Thank you, so much! :) @panoptikum

dphh commented 4 years ago

Thanks for sharing your code, @panopticon. I also hope to estimate the effects of topic groups, so this is very helpful. Using your modified functions, I was able to estimate the effects of a topic group. However, using the modified summary function does not work for me, so I cannot look at the effects for topic groups. Is this a bug or am I not using your modified functions as intended?

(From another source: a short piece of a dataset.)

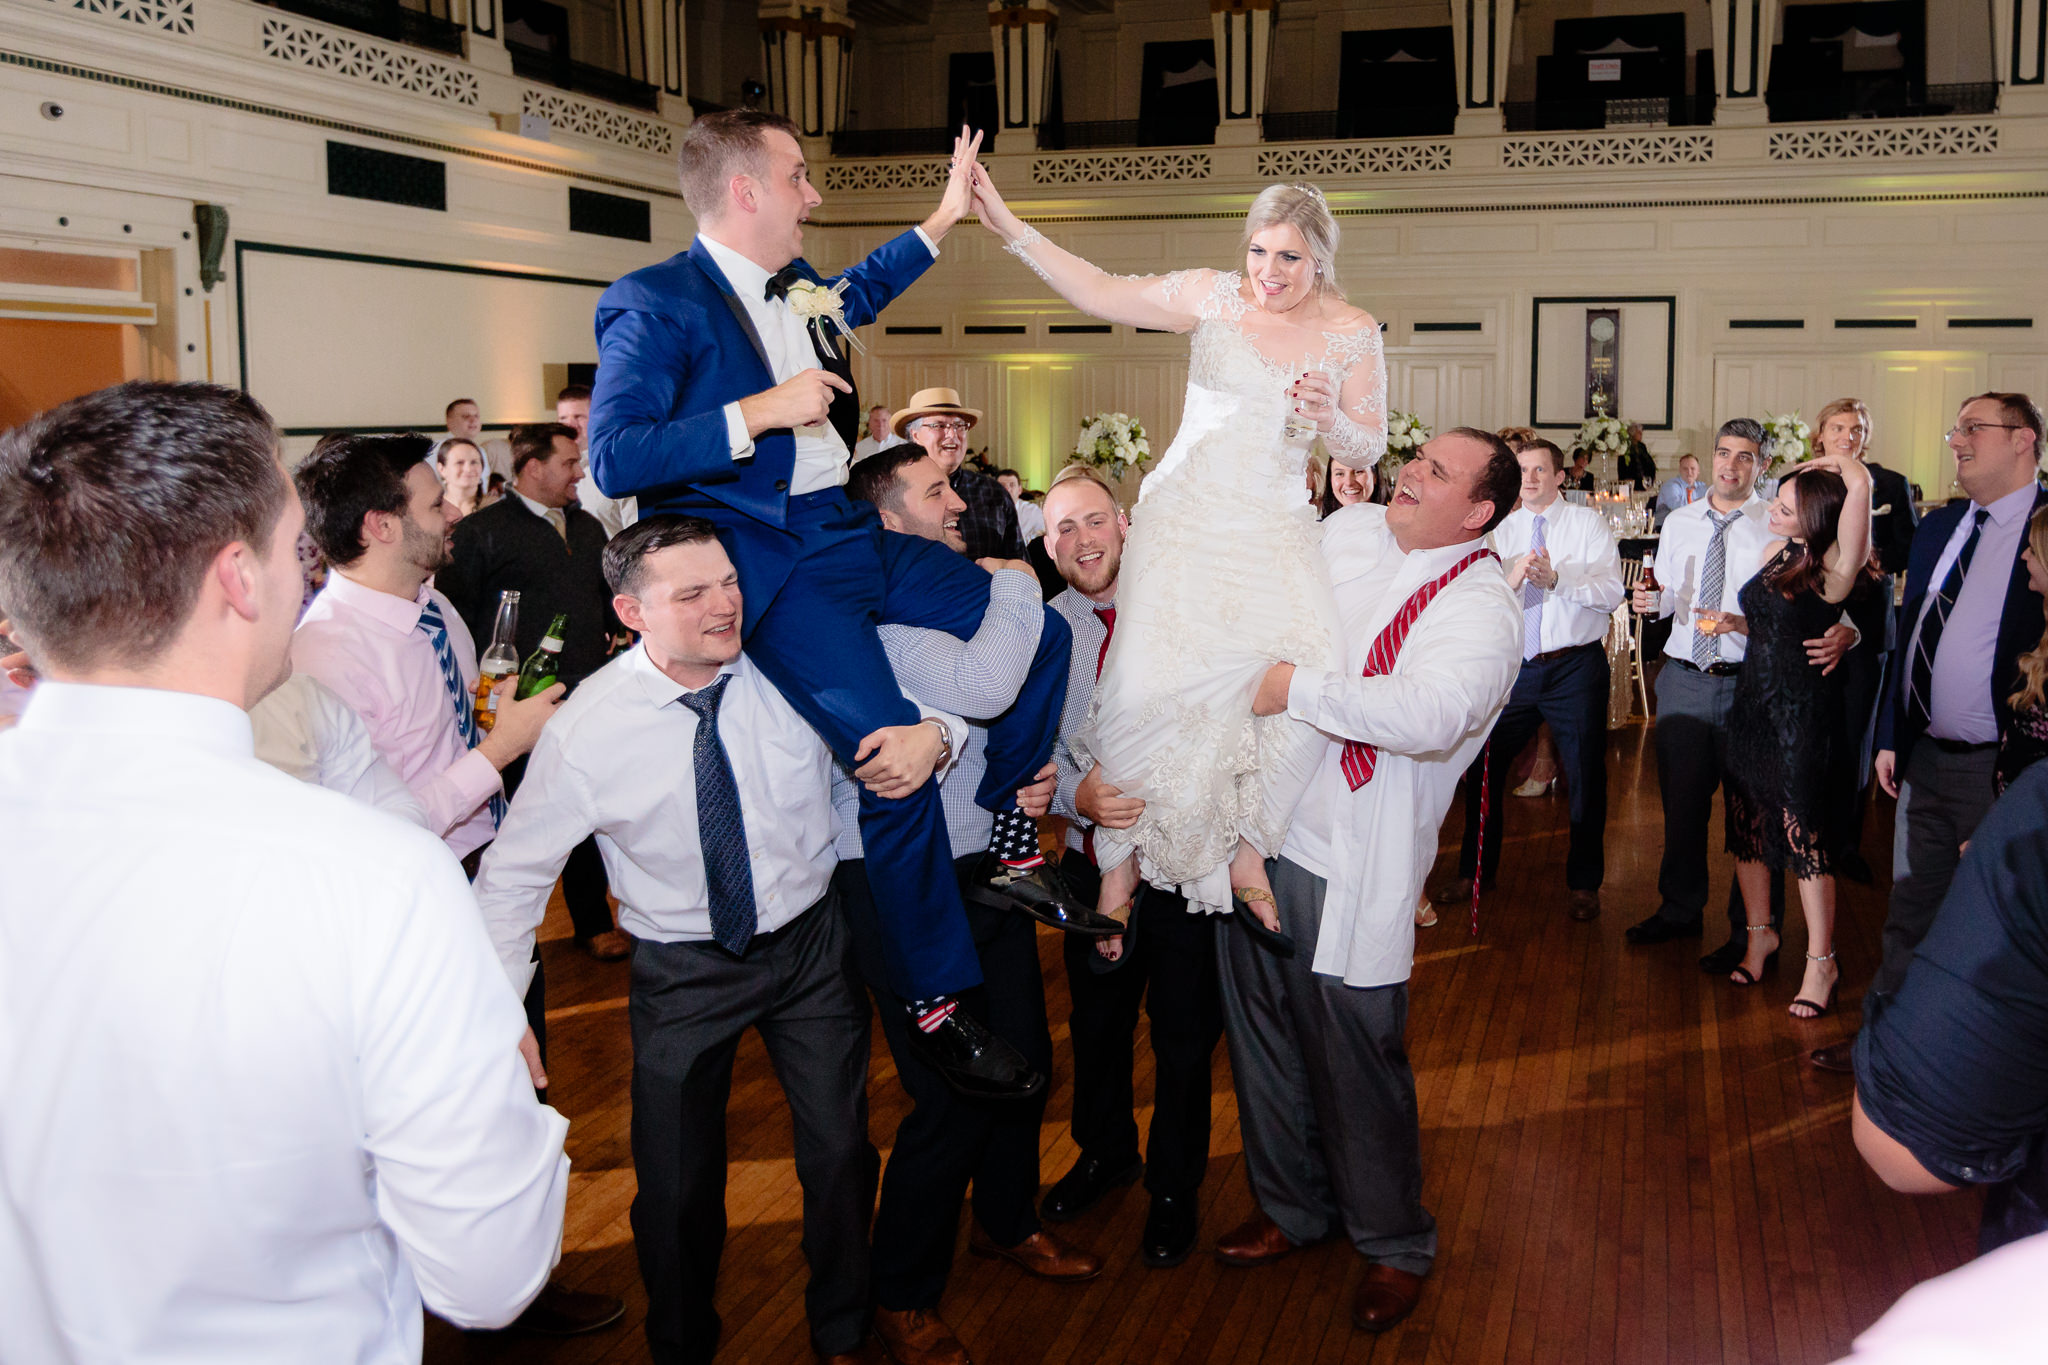 Newlyweds high five at their Soldiers & Sailors wedding

In case you or @jehoonchae are still following this thread, I would be grateful for any hint.

Reprex:

library(stm)
model <- stm(documents = poliblog5k.docs, vocab = poliblog5k.voc, K = 3)

#After creating modified functions with panopticon’s code from above:
test  <- estimateEffectDEV(c(1,2) ~ rating + day, stmobj = model, metadata = poliblog5k.meta, groups = TRUE)

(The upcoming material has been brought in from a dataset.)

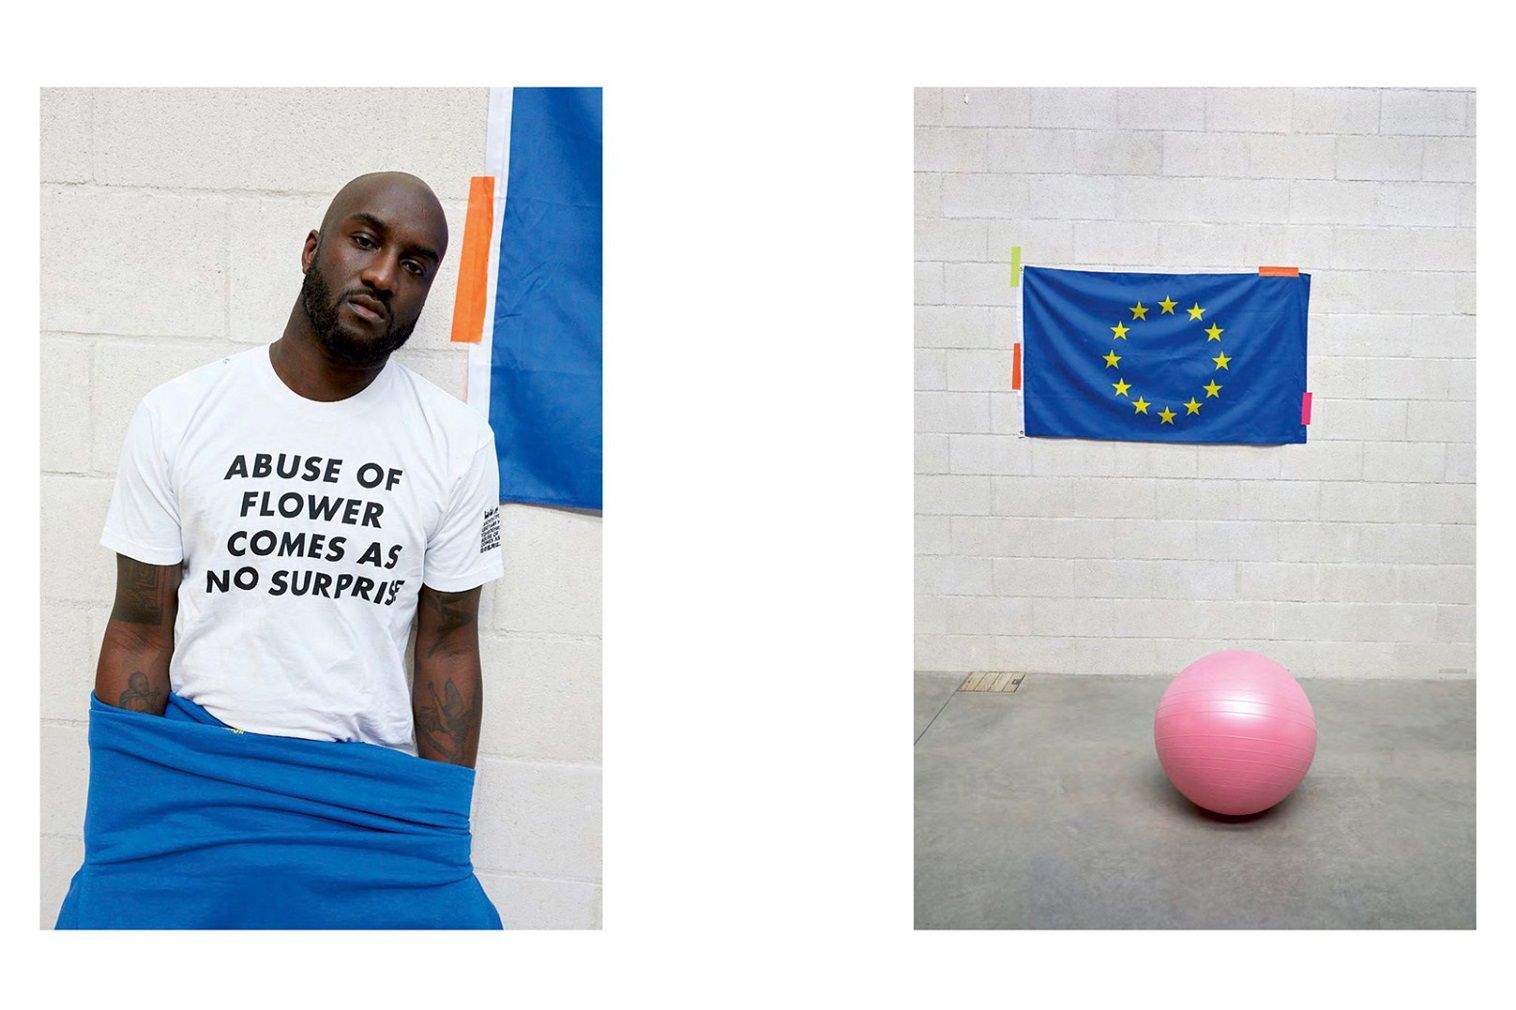 Virgil Abloh X IKEA Collab: 'I use other factories and suppliers to make  art,

print.summary.estimateEffect(test) # This throws an error
summary(test) # This throws an error as well

The errors that I get are:

Error in stats::printCoefmat(coefs, digits = digits, signif.stars = signif.stars, : 'x' must be coefficient matrix/data frame

Error in base::colMeans(x, na.rm = na.rm, dims = dims, ...) : 'x' must be an array of at least two dimensions
jehoonchae commented 4 years ago

Since I received several questions related to using the @panoptikum's customized function estimateEffectDEV() and drawing a plot on time, I wrote a brief explication on the issue. Please check the files named stm-merge.* in the repo. I hope it could be the answer to your question.

dphh commented 4 years ago

Thanks @jehoonchae, your work is helpful. However, my main interest is to obtain a regression table just as summary.estimateEffect produces it. As I wrote in my previous post, I think that @panopticon's modified version of print.summary.estimateEffect() should do this job, but it throws an error.

jehoonchae commented 4 years ago

Sorry, I misunderstood your question.

Please use the following code. I added marginally modified summary.estimateEffect() function.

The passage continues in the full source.